Abstract

This manuscript proposes an automated detection method depends on sand piper optimized fully deep convolutional neural network (FDCN-SPO) for detecting the cardiovascular disease. In this detection process, the cardiovascular magnetic resonance imaging (CVD-MRI) is used, to extract that shape features from Kaggle cardio-vascular disease dataset using left ventricular (LV) volume, left ventricle end-diastolic volume (LVEDV), left ventricle end-systolic volume (LVESV), left ventricle mass (LVM), right ventricular (RV), right ventricular with end-diastolic volume (RVEDV) and right ventricular with end-systolic volume (RVESV). Here, the fully deep convolution neural network (Bio-FCN), and deep learning convolution filters are used to estimate the cardio vascular disease (CVD). The major intention of this proposed operation “to decrease the complexity of the calculation, cost function and increase the accuracy of fully deep convolution neural network, which was optimized using the proposed Sand Piper Optimization (SPO) algorithm”. The proposed FDCN-SPO algorithm shows the optimal accuracy and computational performance for mass of myocardial, thickness of wall, left and right ventricular volume, and ejection fraction (EF).

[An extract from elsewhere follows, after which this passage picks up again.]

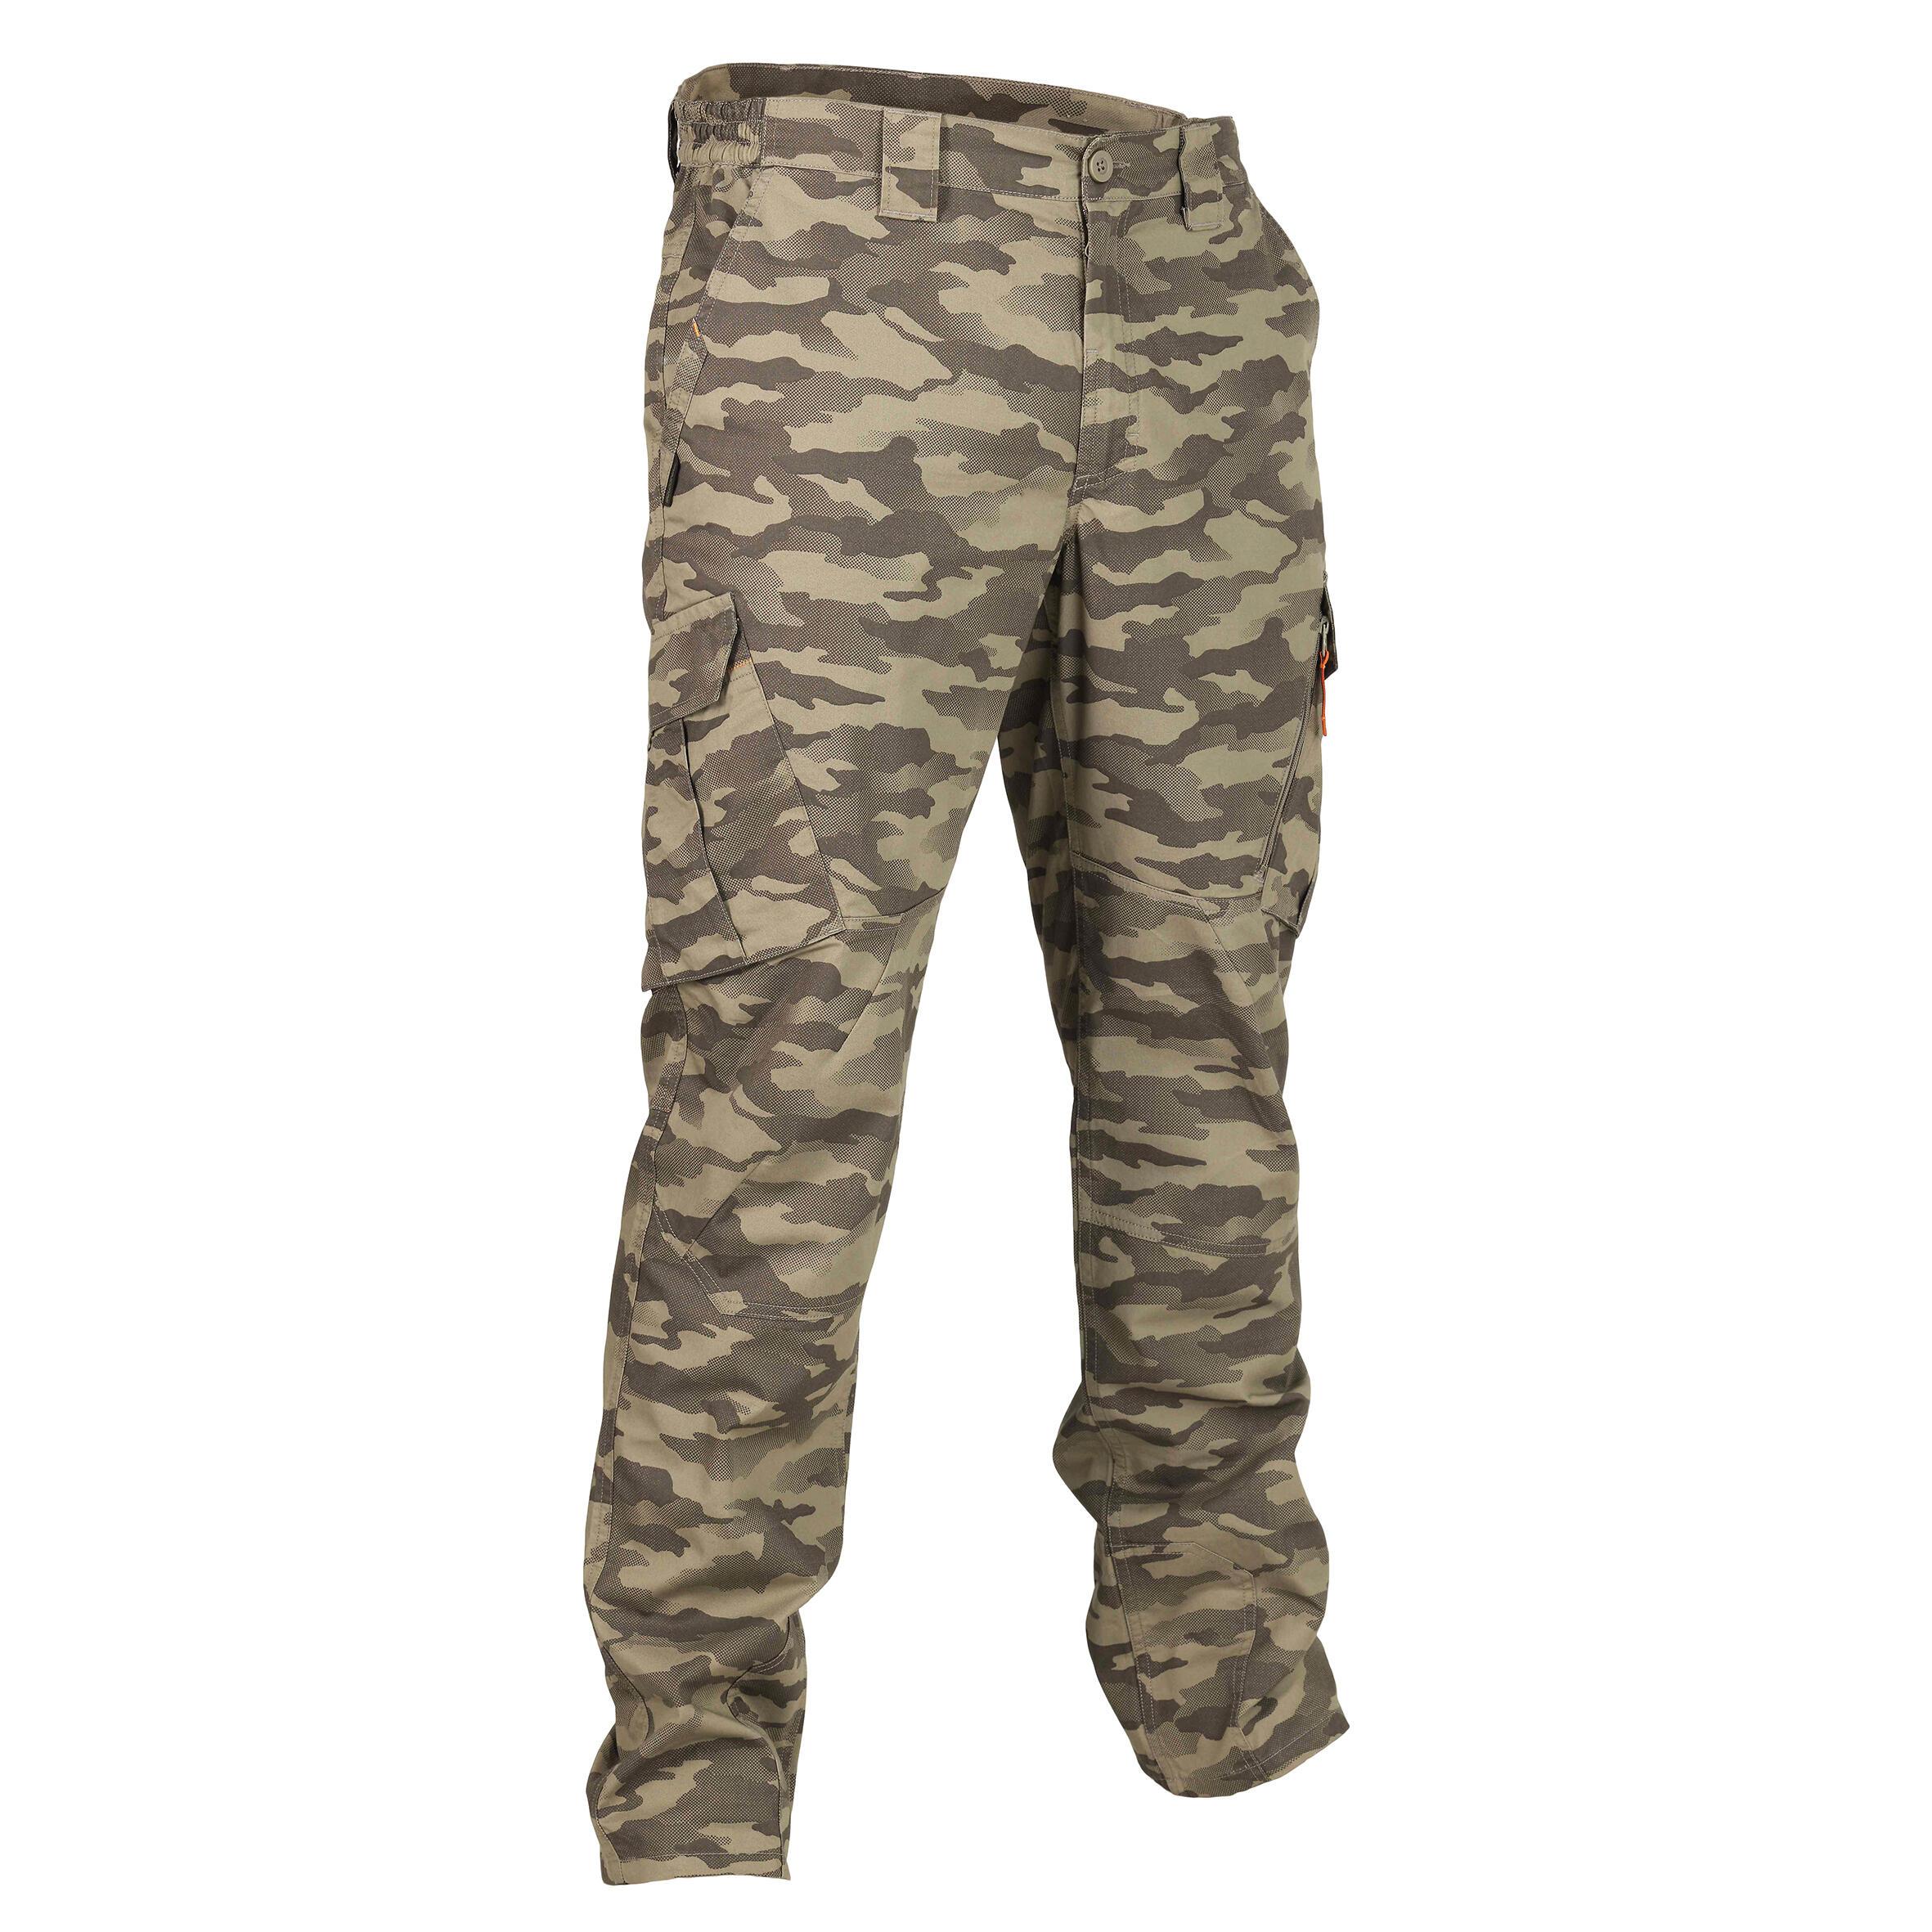 SG500 trousers KHK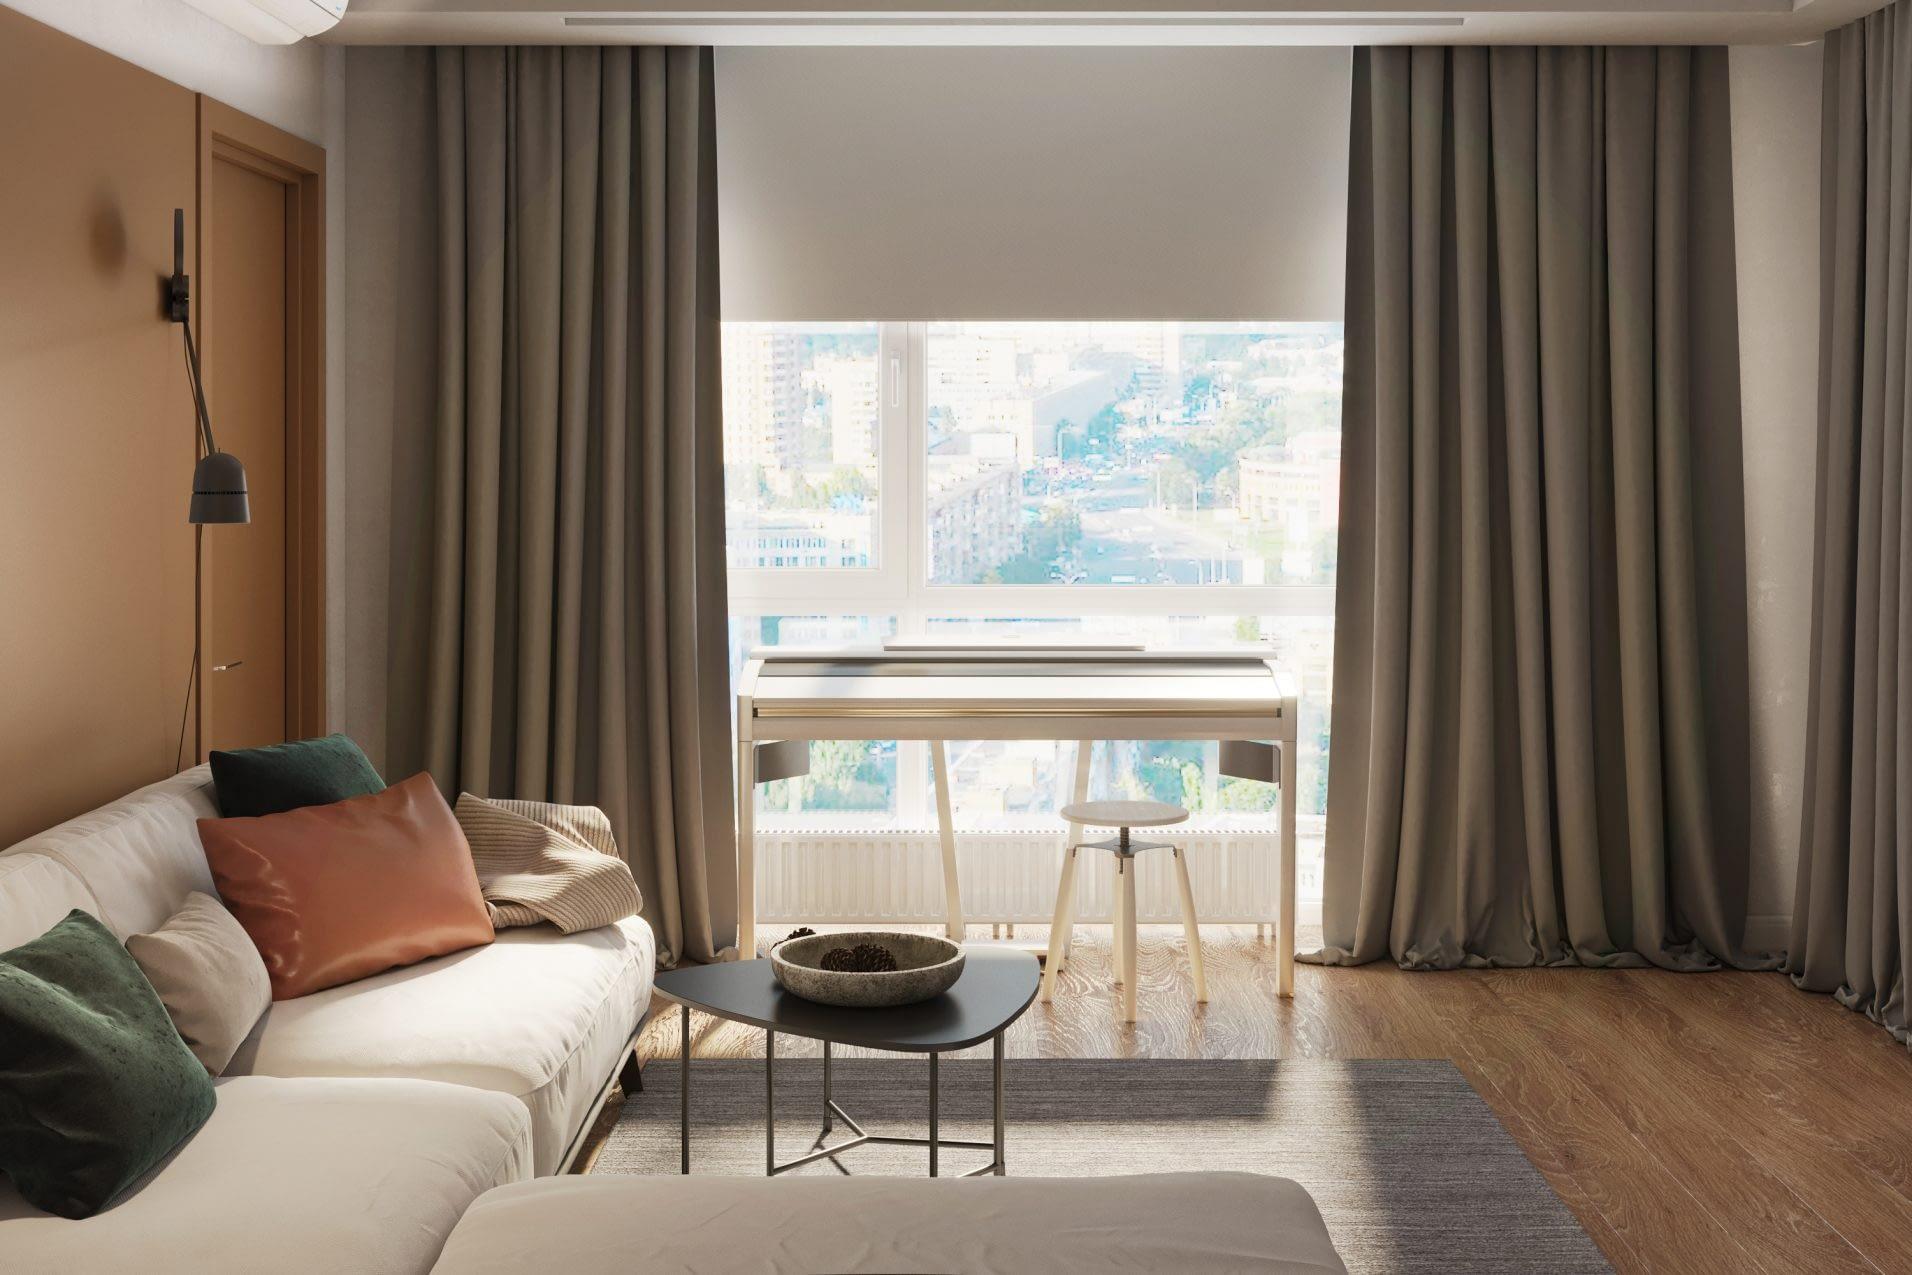 дизайн проект интерьера квартиры от Lavrov Design

The proposed fully deep convolutional neural network optimized with Sand Piper Optimization (FDCN-SPO) method shows 97.63% accuracy, 96.50% sensitivity, 98.01% specificity, 95.39% F-measure, 94.29% precision and 93.80% MCC value. The experimental outcomes illustrate the proposed FDCN-SPO scheme is more efficient than existing process like Random Forest Classifier with principle component analysis (RFC-PCA), Neural Network with partial least squares regression (NN-PLSR), recurrent neural network using principle component analysis and partial least squares regression (RNN-PCA & PLSR), Extreme Learning Model with Normal Sinus Rhythm (ELM-NSR).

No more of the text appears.